Yekta Kurtcebe: Filmden çok, yaklaşık bir yıldır herhangi bir basın gösterimine katılmadığım için göremediğim sinema yazarılarını görmeme vesile olan Luc Besson öncelikle sağ olsun. Genel olarak sinema yazarlarımızın kilo aldığına şahit oldum. TRT 2 dönemlerinde platonik duygular beslediğim Alin Taşçıyan dışında kilo alanlara karşı bir burukluk hissetmedim. Sinema yazarlarımızın uzun yıllar Sith Lordluğunu yapan Atilla Dorsay’a karşı Emek Sineması direnişinden bu yana sempatimiz ve saygımız artmıştı. Zaten Atilla Dorsay’a ne kadar kızarsak kızalım hakkını vermemiz gerekiyor. Hayranı olduğumuz sinema sanatının muhteşem anlarına tanıklık, vakanüvislik yapmış biri. Benim için Louise De Funes ile kısa bir röportaj yapmış olması çok değerli örneğin. Kendisi Feriye Sineması’na basın gösterimine on dakika kala geldi. Ufak bi poğaçayla çayı gümletip salona geçti. Filmin ilk dakikaları başlarken muhtemelen tablet tarzı bir aletle not alan (salonda ışık saçan aletler biraz gereksiz) başka bir sinema yazarını, hükümdarvari bir ses tonu ile ‘Kapatacak mısınız o aletinizi’ diye uyardı. Balkonda oturduğumdan aleti göremedim ama Atilla Dorsay’ın sesi benim için yeterliydi. ‘Kapat kardeşim neyse o alet!!!’ Ne yazık ki film Dorsay’ın ses tonu kadar bile iyi değildi. Leon, Le Big Bleu ve akıllara kazınmış Metro filmleri ile gönlümüzde ayrı bir yeri olan Besson, yine yapmış konformistliğini. Fransızın özensizi hiç çekilmiyor. Scarlett Johannson’un güzelliği filmde garnitür olarak kullanılmış. Hikâye hatları fena olmasa da Luc Besson’un doldur boşalt tarzı yönetmenlik anlayışıyla yitip gidiyor. Aralarda anlatımı güçlendirmek için getty ve corbis’den bolca image ve video satın alınmış. O sıkıştırılmış bölümler oldukça sevimsiz. Haktan’ın hakkını vermek istiyorum. Güzel kafayla izlenince gayet memnun kalınacak fakat sonrasında kafada da bir şey kalmayacak olan bu filmi Besson’un madde etkisi altında çekmiş olduğuna inanıyor, iyi seyirler diliyorum.
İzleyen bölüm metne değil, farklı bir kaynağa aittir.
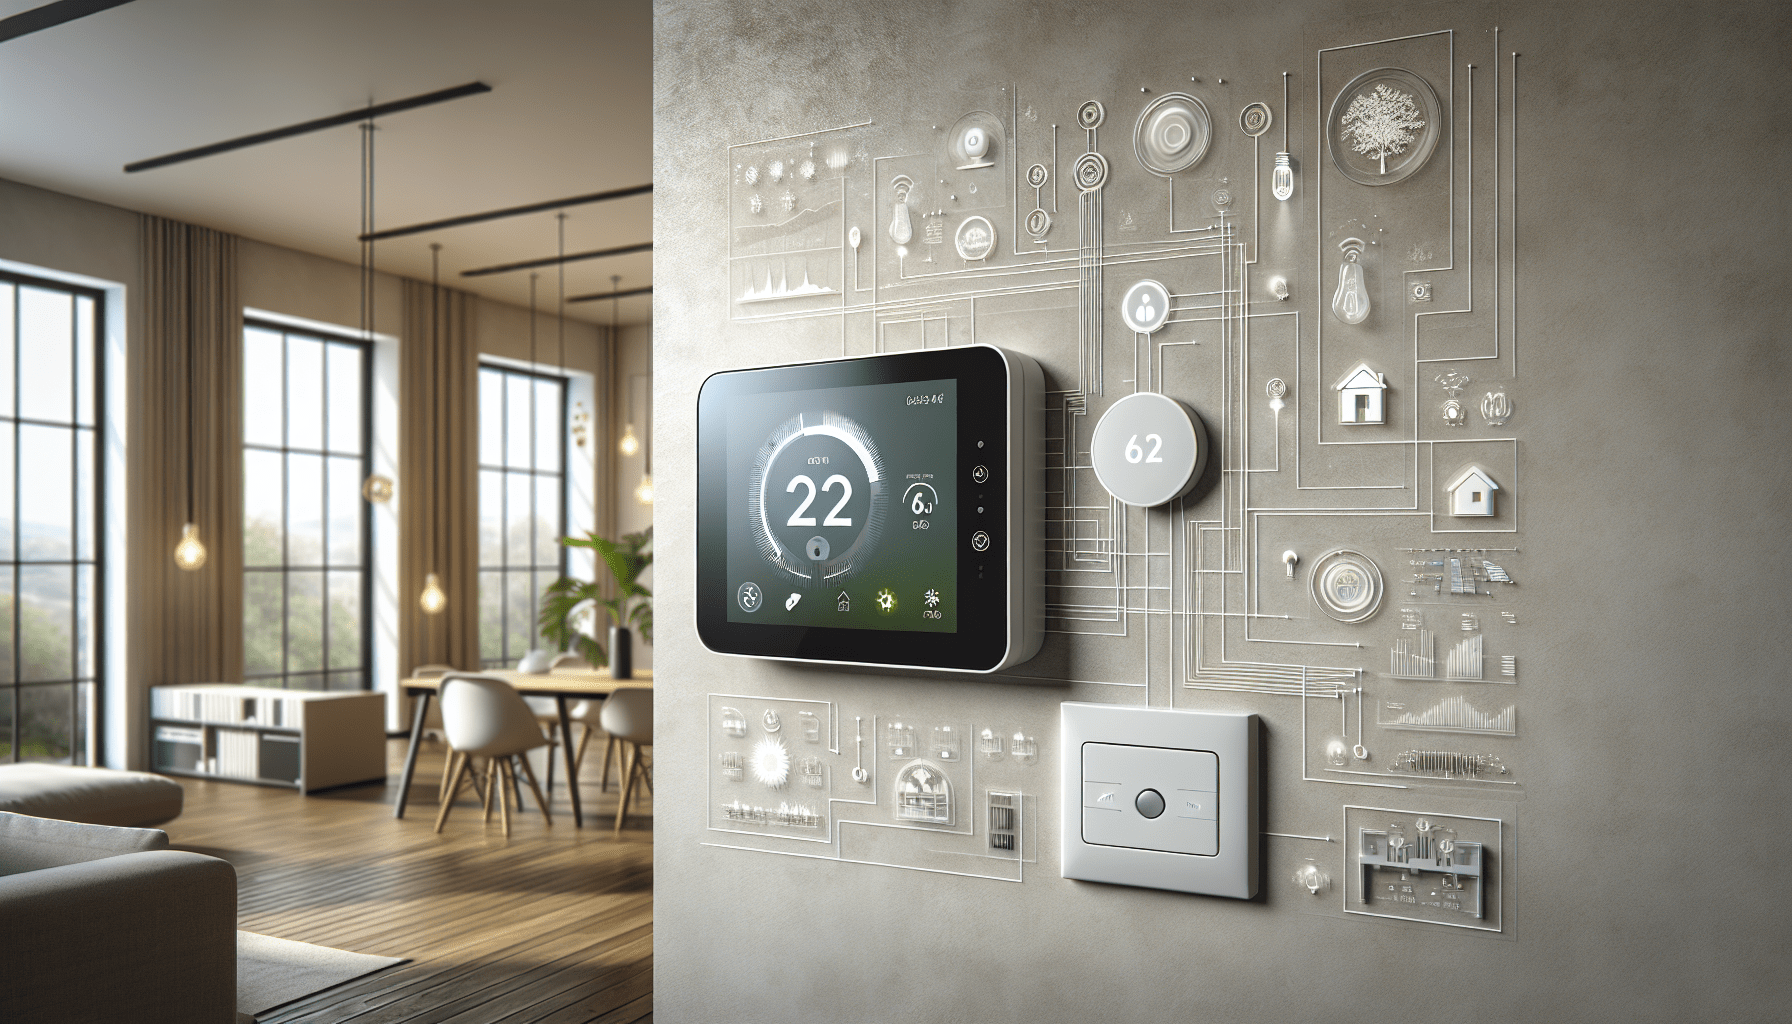 How Can I Make My Home More Energy-efficient With Technology?

Cem Çelik: Bu arada ben güzel kafayla izlemiş olsaydım filmin sonunun 2001: A Space Odyssey’e bağlanacağını zannederdim.lucy1

Haktan Kaan İçel: Zaten sinema yazarlarının çoğunlukla üzerinde durdukları nokta, daha çok suçlama da denilebilir, Luc Besson’u Kubrickçilik oynamakla suçlamışlar. Ancak popcorn kafasıyla Kubrick olamazsınız, biraz daha derin düşünmek lazım fikri hakim insanlarda. Ozancan dışında full seven biri çıkmadı zaten. Ben eğlendim falan ama beklentim aksiyona yüklenmeleriydi. Aniden salak kız hapları bedenine bıraktırınca IQ’sunun yükselip Tanrıcılık oynaması bana kalırsa karakterin değişimi-gelişimi bakımından yararlı olsa da, Scarlett’ın karakterinin sığlığı yüzünden çok ileri gidemiyor işte.
Bir de Morgan Freeman’ı neden sürekli bilge adam karakterinde oynatırırsınız be kardeşim. Ben onun yerinde olsam çok sıkılırdım. Karakter profili önemlidir oyuncular için. Choi Min-sik ise bence yine kült bir karakter yaratmış. Gözünüzü seveyim, adam başlı başına yürüyen karizma, hiçbir şey yapmasa iyi oynar o adam.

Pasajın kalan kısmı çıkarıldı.